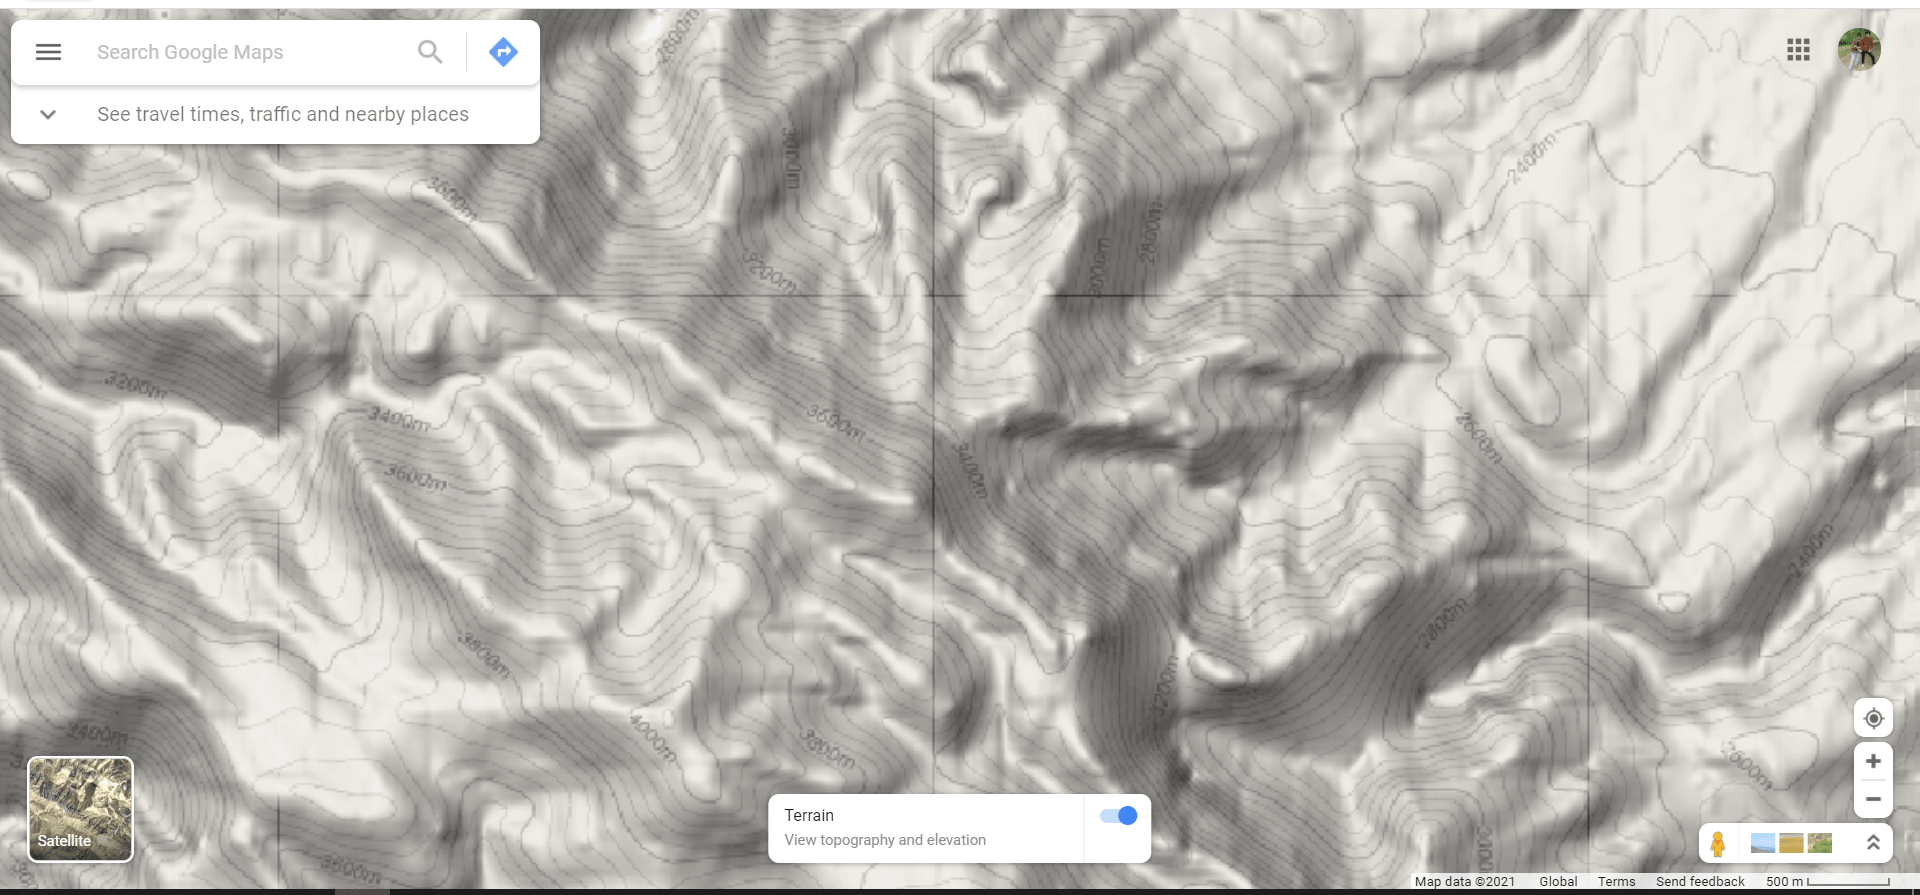 نقشه توپوگرافی سایت Google Terrain
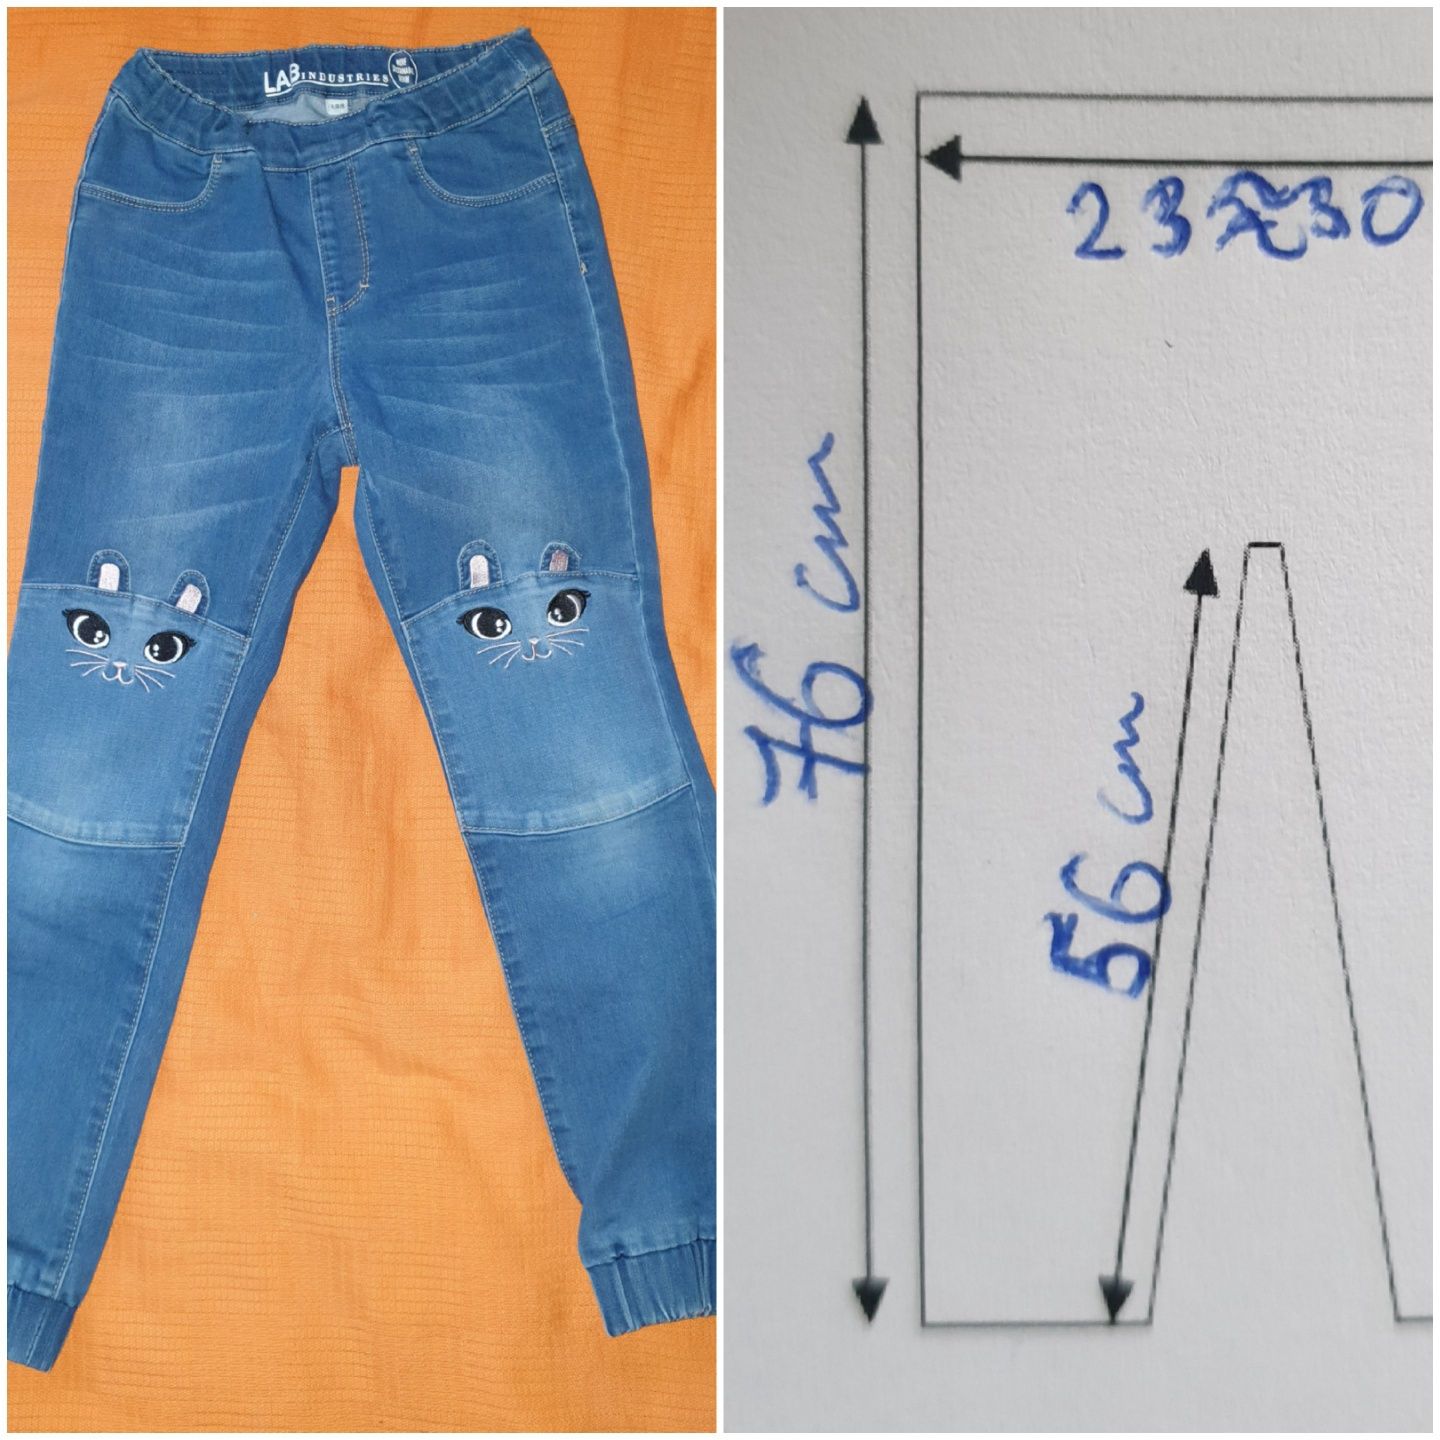 Spodnie jeansowe LABIndustries by Kappahl r. 128 / 134
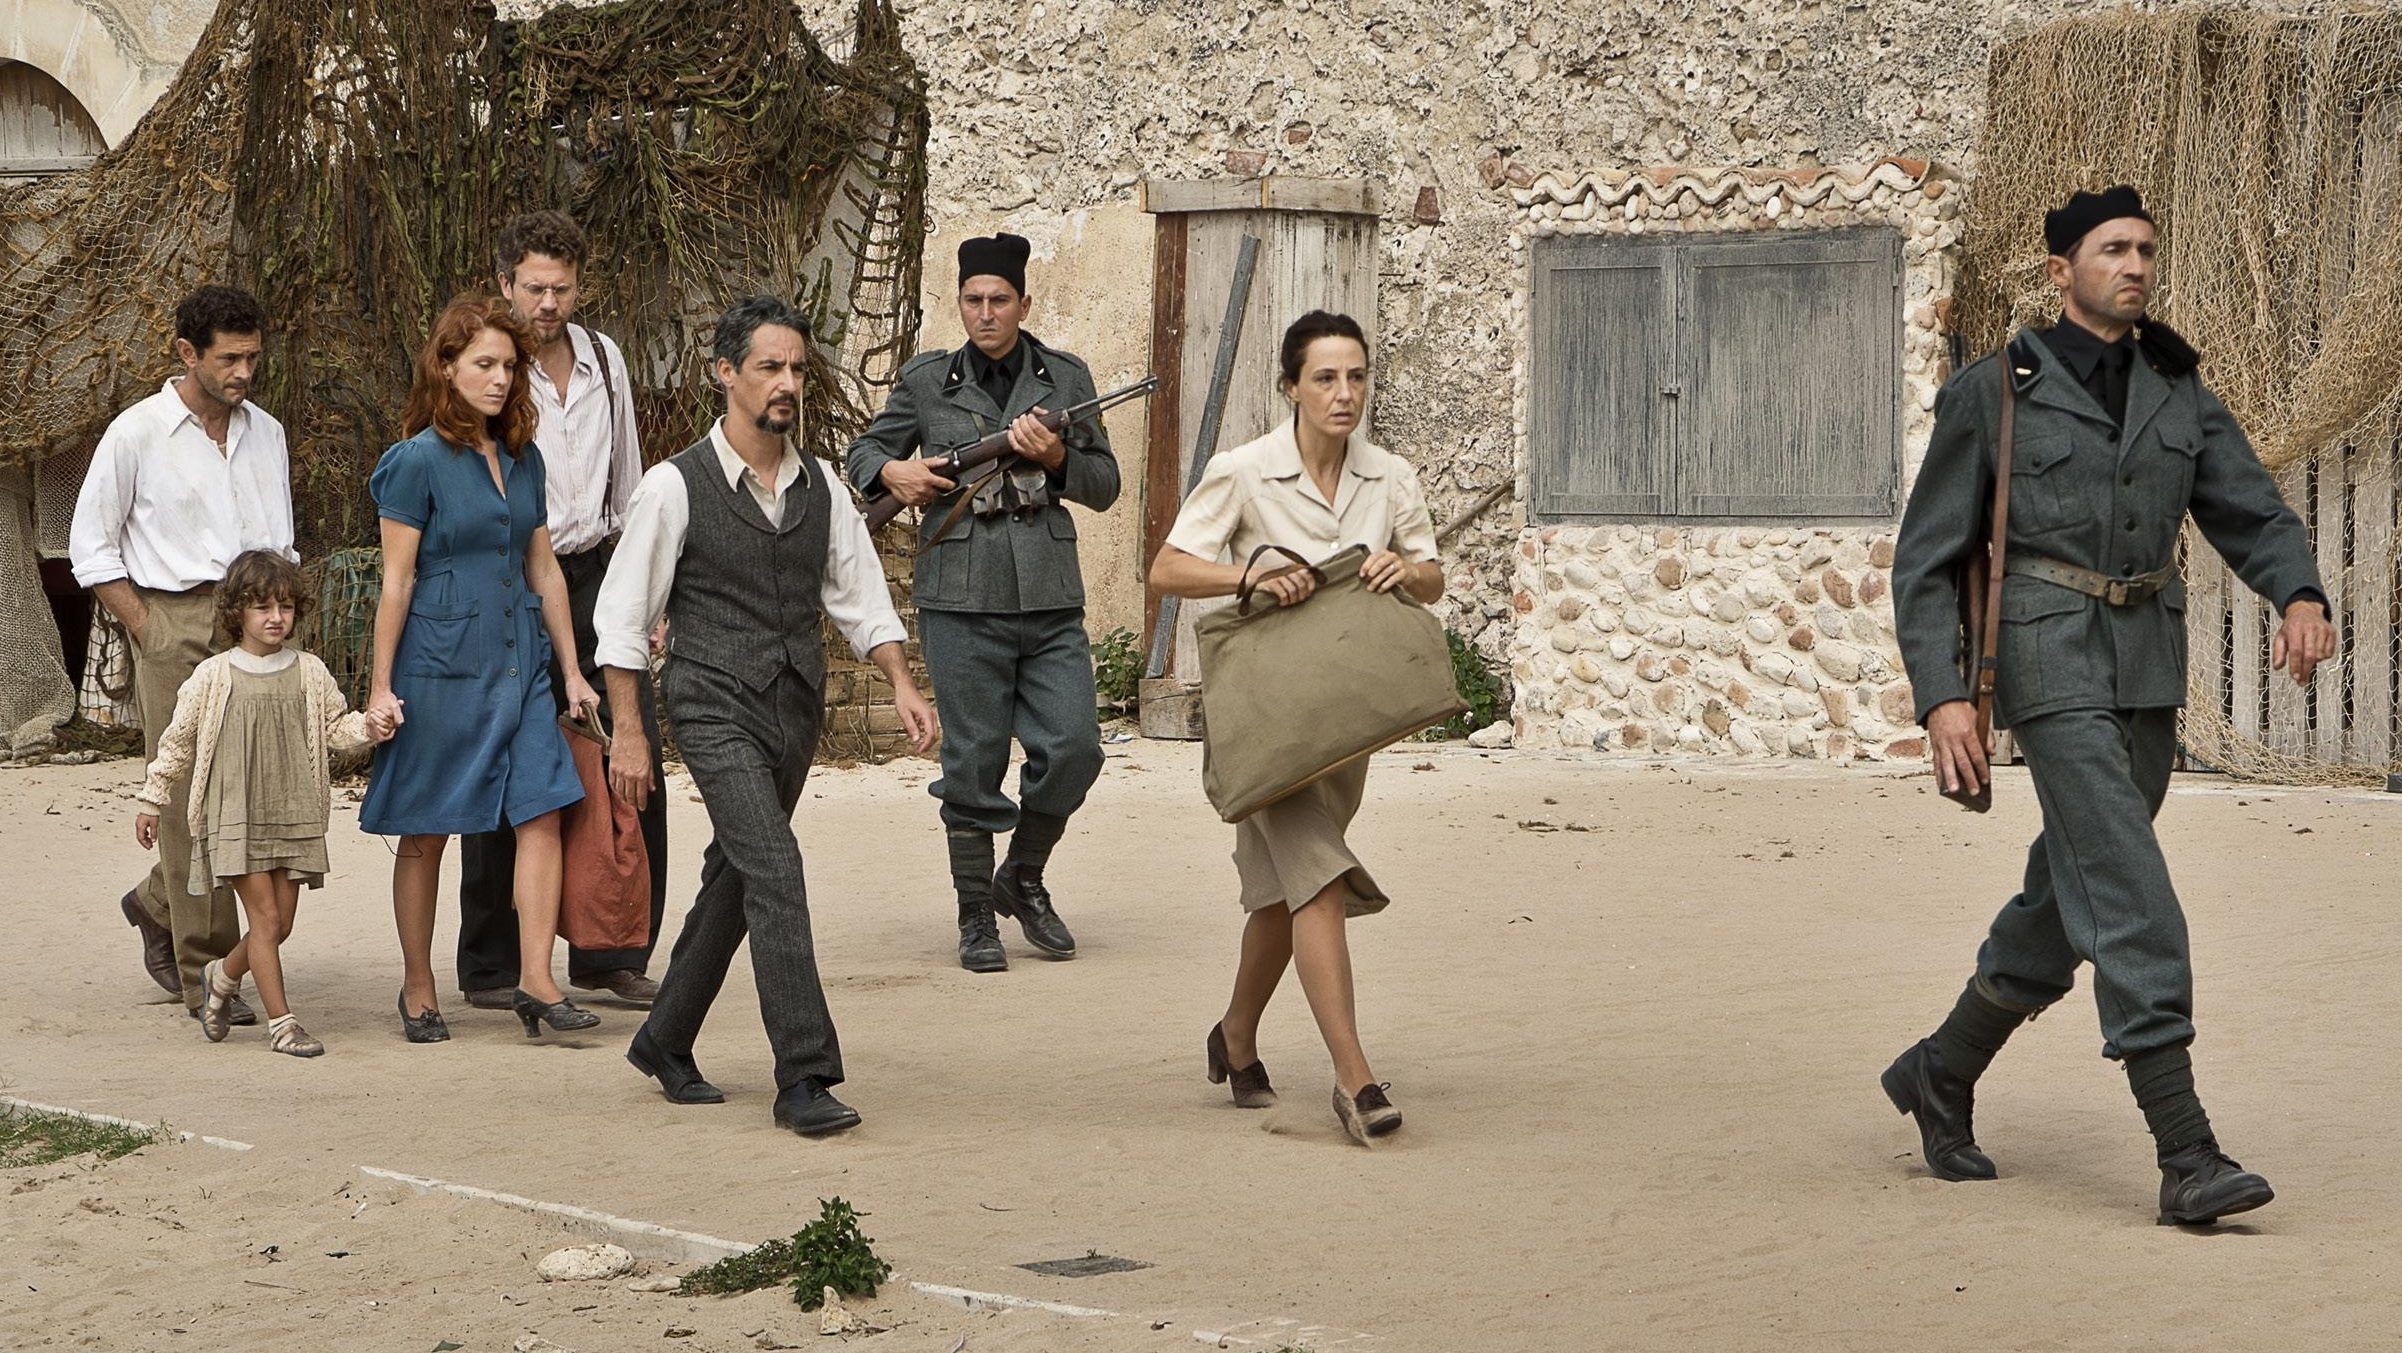 L'arrivo dei confinati sull'Isola di Ventotene in una scena del film.

- **WHAT YOU HAVE TO DO**:
Print each line of the listing exactly and include no pictures.

- **RESULT OF THE EXERCISE**:
 نقشه توپوگرافی سایت Google Terrain
 Spodnie jeansowe LABIndustries by Kappahl r. 128 / 134
 L'arrivo dei confinati sull'Isola di Ventotene in una scena del film.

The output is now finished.